= Stryker McGuire =

Journalist

Stryker McGuire is a journalist working in London. McGuire was a senior editor at Bloomberg Markets, a bi-monthly publication of Bloomberg News, from 2011 to 2021. From October 2009 to March 2011, he was the editor of LSE Research, a magazine published by the London School of Economics and Political Science. Between 1978 and 2009, he was a correspondent, bureau chief, senior editor and chief of correspondents at Newsweek magazine. McGuire was also the founding editor of International Quarterly and an associate at Lombard Street Research, an economics consultancy in the City of London. He is a Fellow of the Royal Society of Arts.

==Education==
A native of New York City, McGuire graduated from Hamilton College in Clinton, New York, in 1969.

==Journalist and writing==
Before going to work for Newsweek in 1978, McGuire spent eight years at the now-defunct San Antonio Light, where he won a series of state and national honors while heading the paper’s investigative-reporting team.

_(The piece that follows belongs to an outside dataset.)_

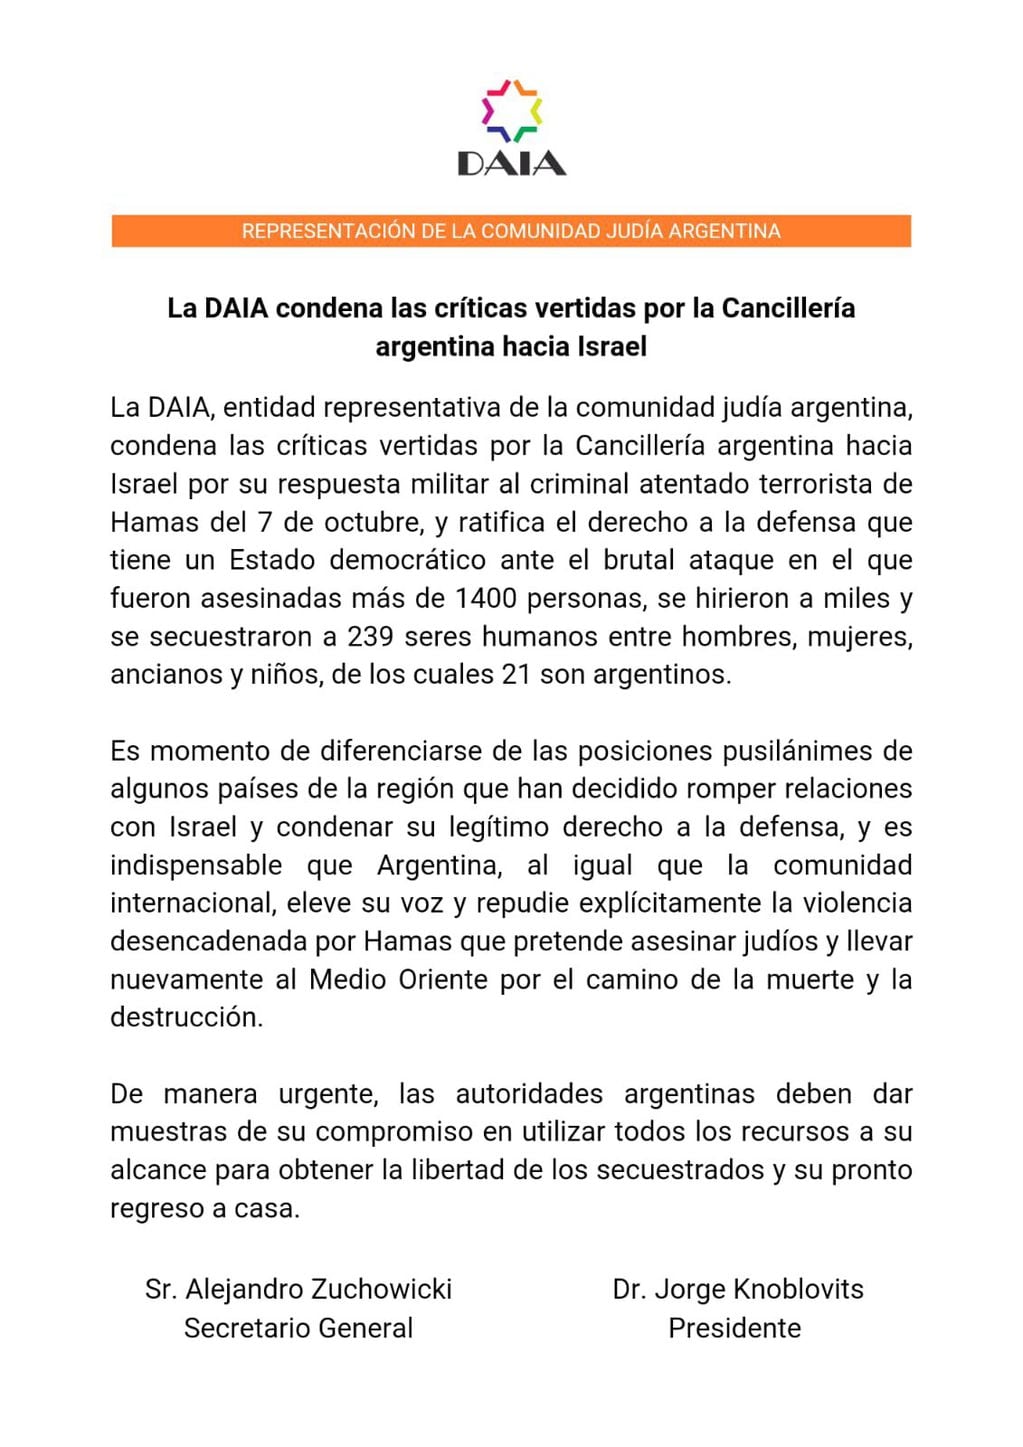 El comunicado de la DAIA - X

He wrote Streets With No Names (Atlantic Monthly Press, 1991), which chronicled his travels through Central America and South America in 1986 to 1987. He was a co-author, with other Newsweek correspondents, of Charlie Company: What Vietnam Did To Us (William Morrow & Co., 1983).

==Newsweek==
At Newsweek, McGuire served as Los Angeles correspondent (1978–1980), Houston bureau chief (1980–1983), Newsweek International senior editor (1983–1987), and Mexico City bureau chief and Latin America regional editor (1988–1989). Between 1989 and 1993, McGuire was Newsweeks' chief of correspondents, directing the magazine’s reporting assets in the United States and around the world.

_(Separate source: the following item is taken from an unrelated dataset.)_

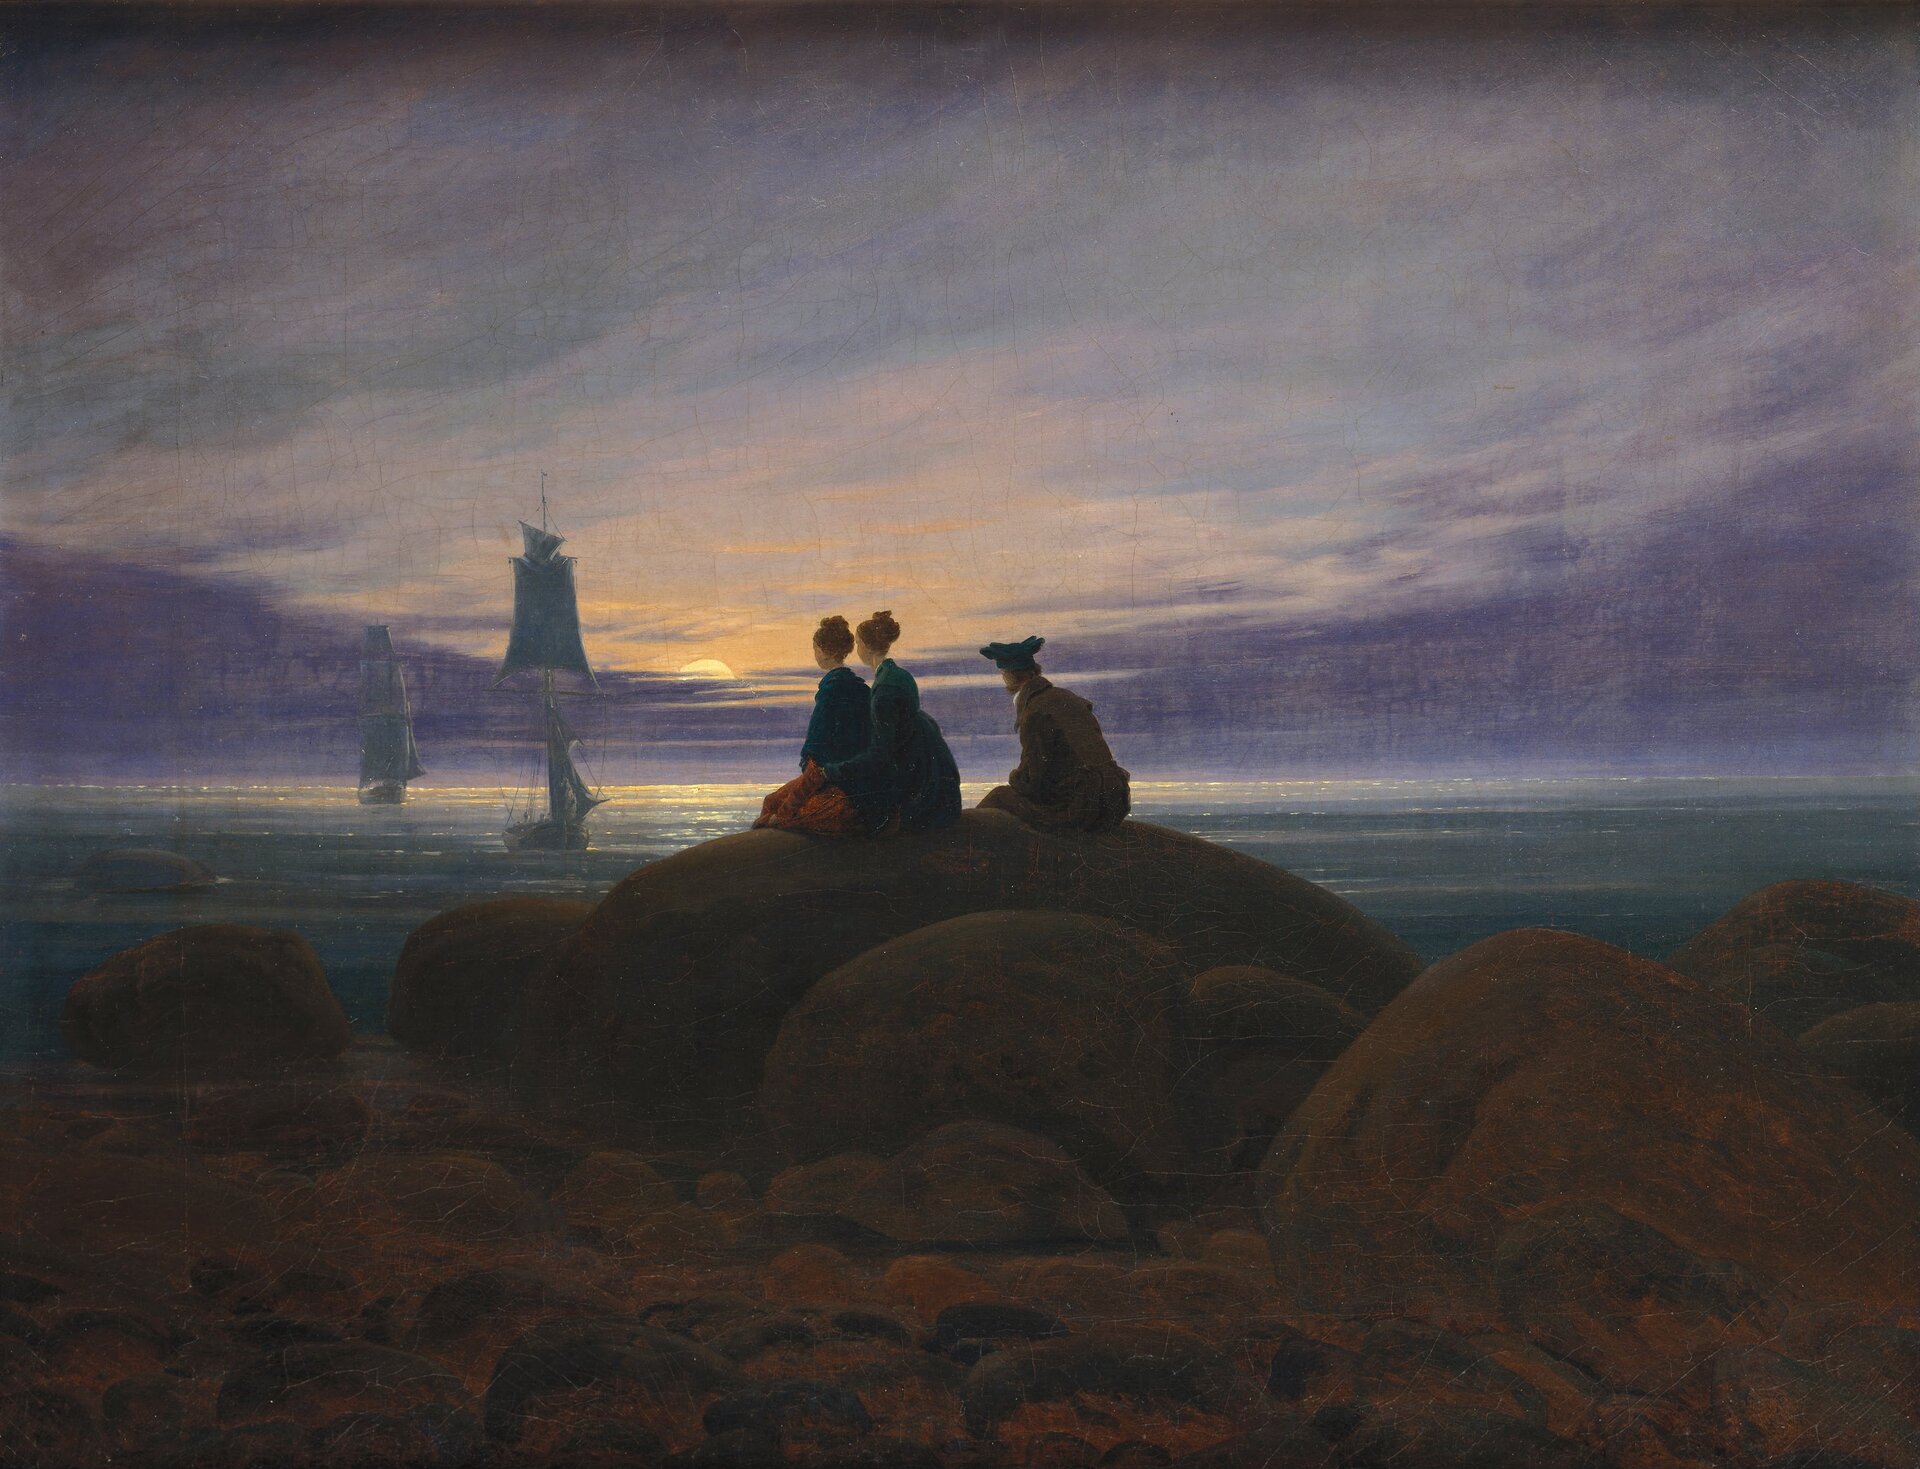 Obraz przedstawia krajobraz nadmorski. Na ogromnych kamieniach spoczywających na piaszczystej plaży siedzą dwie kobiety w długich sukniach i mężczyzna w marynarce, spodniach i kapeluszu. Siedzący obserwują morze, po którym płyną spokojnie dwa żaglowce. Zachodzi słońce.

He served as West Coast editor for Newsweek from 1993 to 1996, with responsibility for editorial bureaus in Los Angeles and San Francisco. During this time McGuire directed the magazine's award-winning coverage of the O.J. Simpson trial, the magazine's reporting on the fast-expanding entertainment industry and immigration issues, as well as major disasters such as the Southern California brush fires of 1993 and the 1994 Northridge earthquake. He also helped to direct Newsweek's on-the-ground coverage of the Oklahoma City bombing in 1995 and the Waco siege in 1993.

==London bureau chief==
In August 1996 took the post of Newsweek's London bureau chief, which he held until April 2008. In that time, he covered the rise and fall of Tony Blair in numerous articles, including a dozen cover stories. He wrote extensively about Gordon Brown, and the Conservative Party leader David Cameron.

McGuire's cover story "London Rules," in 1996, is credited as the first piece of journalism to herald the return of "Cool Britannia" (although the piece itself did not use the phrase). His coverage of immigration issues earned the Best Foreign Reporting award from the Foreign Press Association in London in 2000.

As London bureau chief, McGuire covered a number of political, economic, cultural and social developments, from Iberia to Scandinavia to Eastern Europe. His 2000 cover story on Stockholm as the "Internet capital of Europe" was cited in the European press as a groundbreaking piece of journalism. He wrote major articles on the Zara clothing chain in 2001, Microsoft's war on software piracy, Spanish prime ministers José María Aznar and José Luis Rodríguez Zapatero, and German Chancellor Angela Merkel.

He has been a regular television and radio guest in Britain, Europe and the United States; a regular panelist on the BBC TV program Dateline London, and a frequent contributor to such publications as The Guardian, The Observer, the New Statesman and The Spectator.

In December 2009, McGuire gave testimony to the House of Commons Foreign Affairs Committee as part of its inquiry into Global Security: UK-US Relations. The committee published its report, including oral and written evidence, in March 2010.